Inilah kebenaran tentang kopi dan kesehatan jantung, tanpa rasa takut dan hype.

Aturan “Hingga” 400 Miligram

Rekomendasi utama AHA bersifat spesifik. Bagi kebanyakan orang dewasa yang sehat, konsumsi kafein dalam jumlah sedang—umumnya dibatasi hingga 400 miligram per hari—sesuai dengan kesehatan jantung.

Tapi mari kita bicara tentang apa arti sebenarnya hal tersebut di lapangan.

400 mg bukanlah kuota harian yang harus dicapai. Ini adalah langit-langit keselamatan. Ini adalah garis di mana risiko mulai meningkat. Sebagai gambaran, secangkir kopi hitam standar berukuran 8 ons mengandung sekitar 80–100 mg kafein. Jadi, Anda melihat kira-kira tiga sampai lima cangkir.

“Pernyataan AHA mengenai kafein dan penyakit kardiovaskular menyesatkan… Berita utama yang melaporkan hal ini berkontribusi terhadap kebingungan ini.”
— Dr. Abeer Berry, Direktur Kardiologi Noninvasif, DMC Huron Valley Sinai

Dr. Abeer Berry menunjukkan kesenjangan kritis. Batasan 400 mg ini didasarkan pada penelitian yang menyebutkan kopi sebagai sumber utamanya. Bagaimana dengan sisanya? Minuman energi. Soda. Cokelat. Bedak sebelum latihan. Panduan AHA tidak secara otomatis berlaku untuk vektor kafein lainnya, yang seringkali memberikan dosis lebih cepat dan dalam format yang kurang terkontrol.

Apakah itu berarti Anda harus mulai minum kopi jika tidak melakukannya sekarang? Sama sekali tidak. Jika Anda merasa enak dengan satu cangkir, tambahkan tiga cangkir lagi?

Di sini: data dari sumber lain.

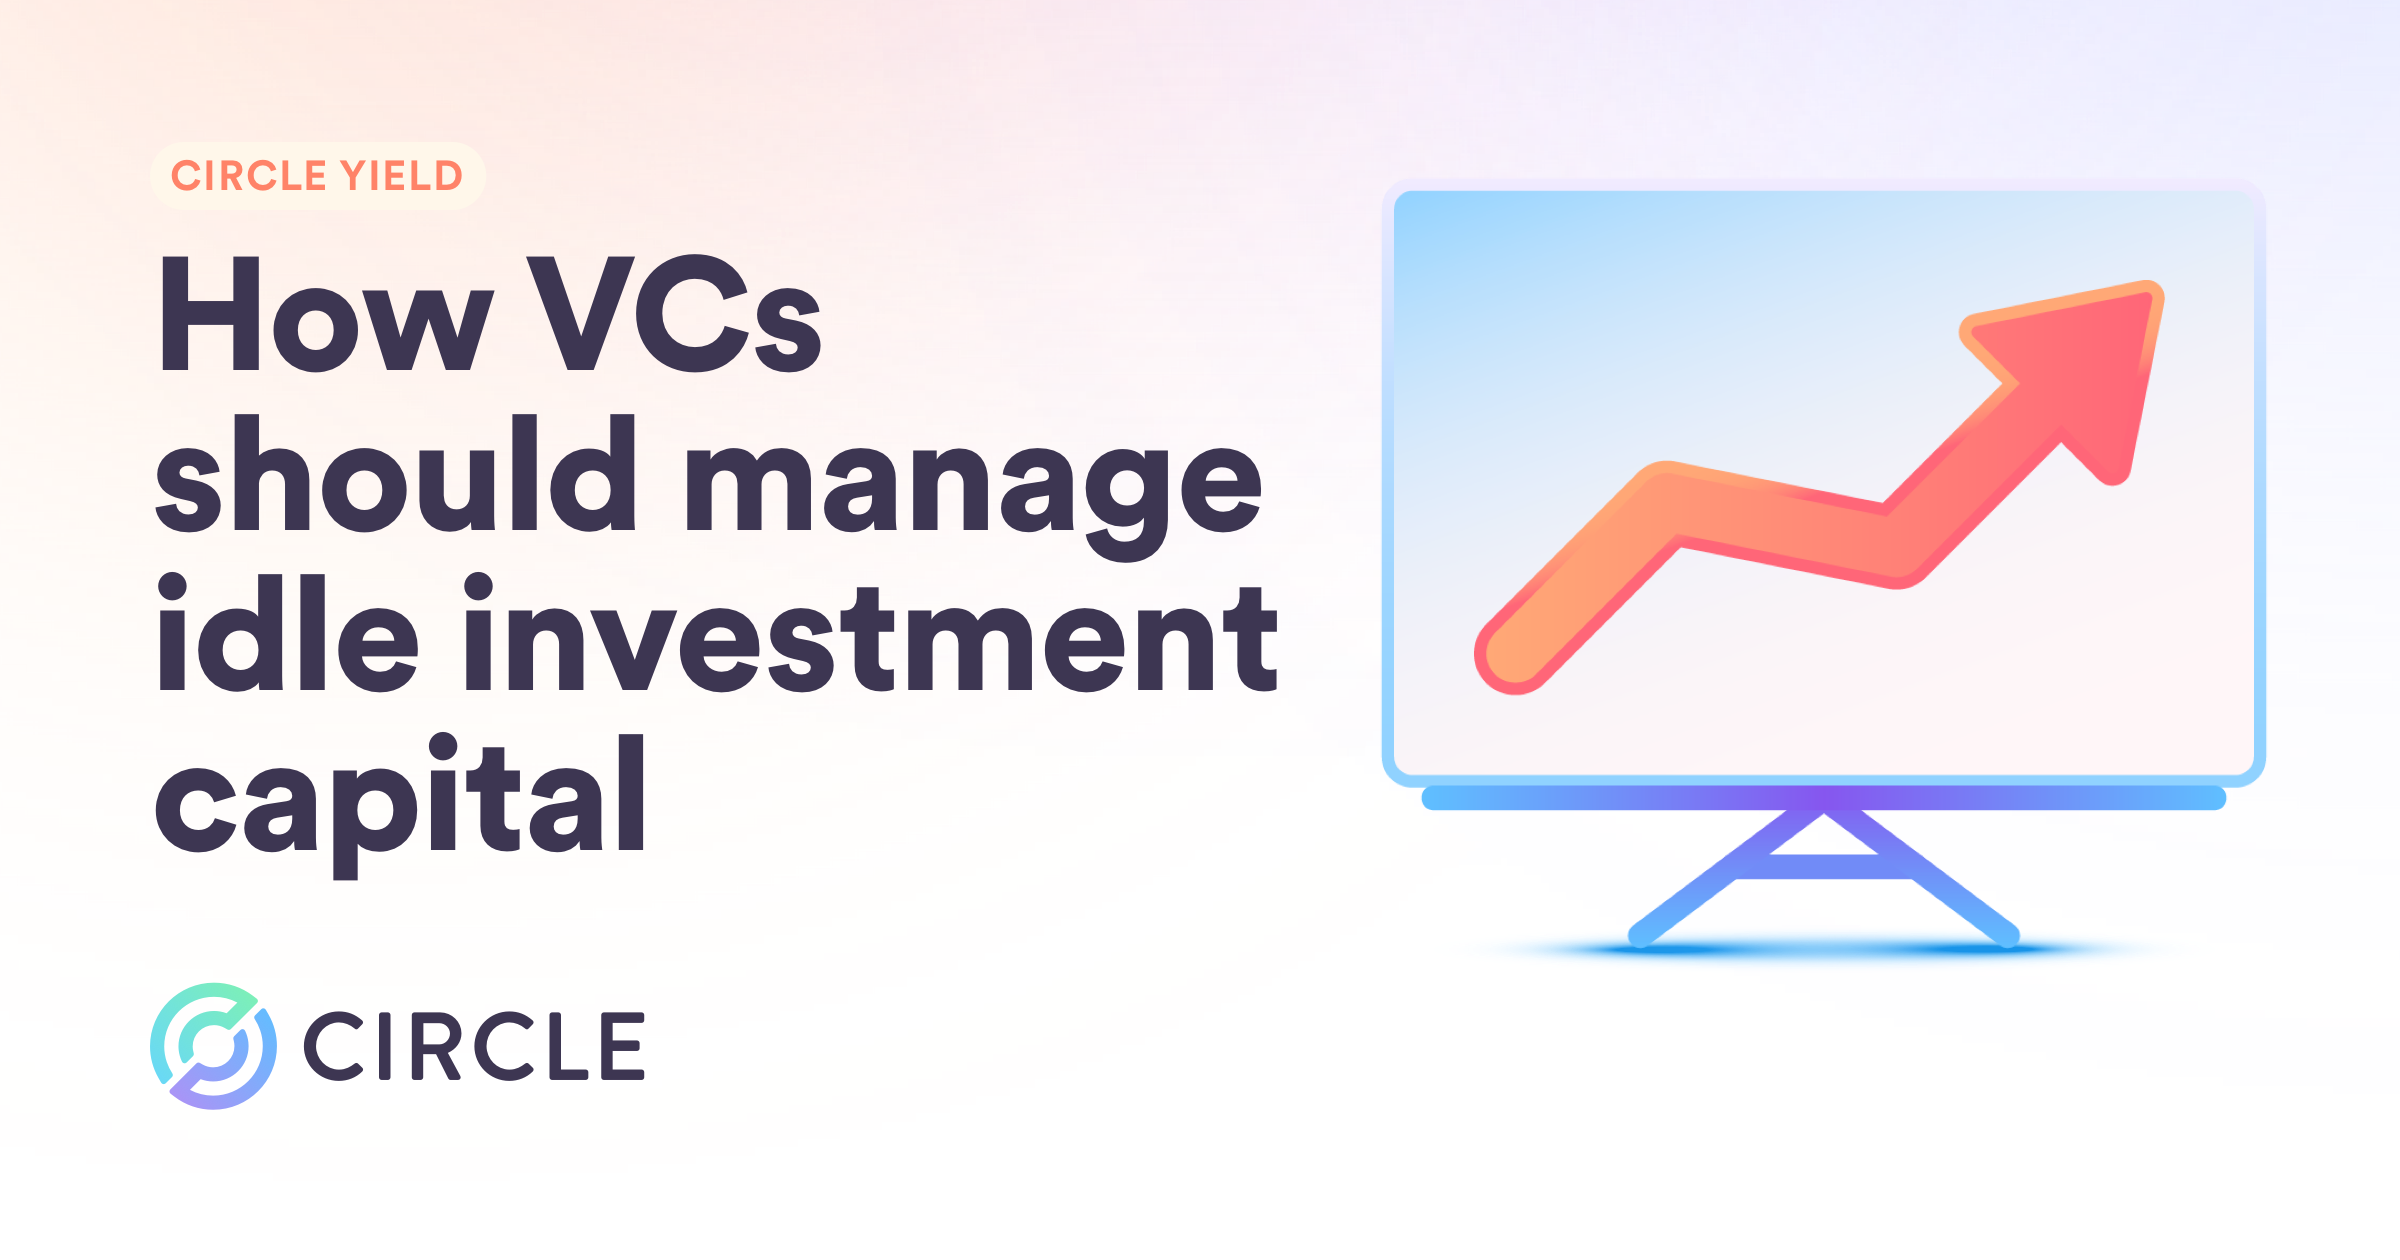 Circle Yield, a short-term cash investment for Venture Capitalists with above-average yields and flexible terms.

Tidak ada alasan untuk itu. Kopi bukanlah vitamin. Ini bukanlah suplemen yang perlu Anda maksimalkan untuk umur panjang. Ini cukup aman, dalam jumlah sedang, bagi mereka yang sudah menoleransinya.

Perangkap Ukuran Cup

Kebingungan sebagian besar berasal dari definisi.

Dalam uji klinis, satu “cangkir” berukuran 8 hingga 10 ons.

Pergi ke kedai kopi khusus. Mintalah “grande” atau “tall”. Anda mencari 16 hingga 24 ons. Itu berarti dua, terkadang tiga, cangkir standar. Jika minuman tersebut diseduh dari dark roast beans dengan metode pekat, kandungan kafeinnya bisa meroket hingga 200 bahkan 250 mg dalam satu wadah.

Anda menghabiskan satu minuman. Anda mencapai 20% dari batas harian Anda. Maka Anda punya waktu sebentar. Anda telah menembus batas atas.

Namun, ini bukan hanya soal volume. Ini tentang apa yang Anda masukkan ke dalamnya.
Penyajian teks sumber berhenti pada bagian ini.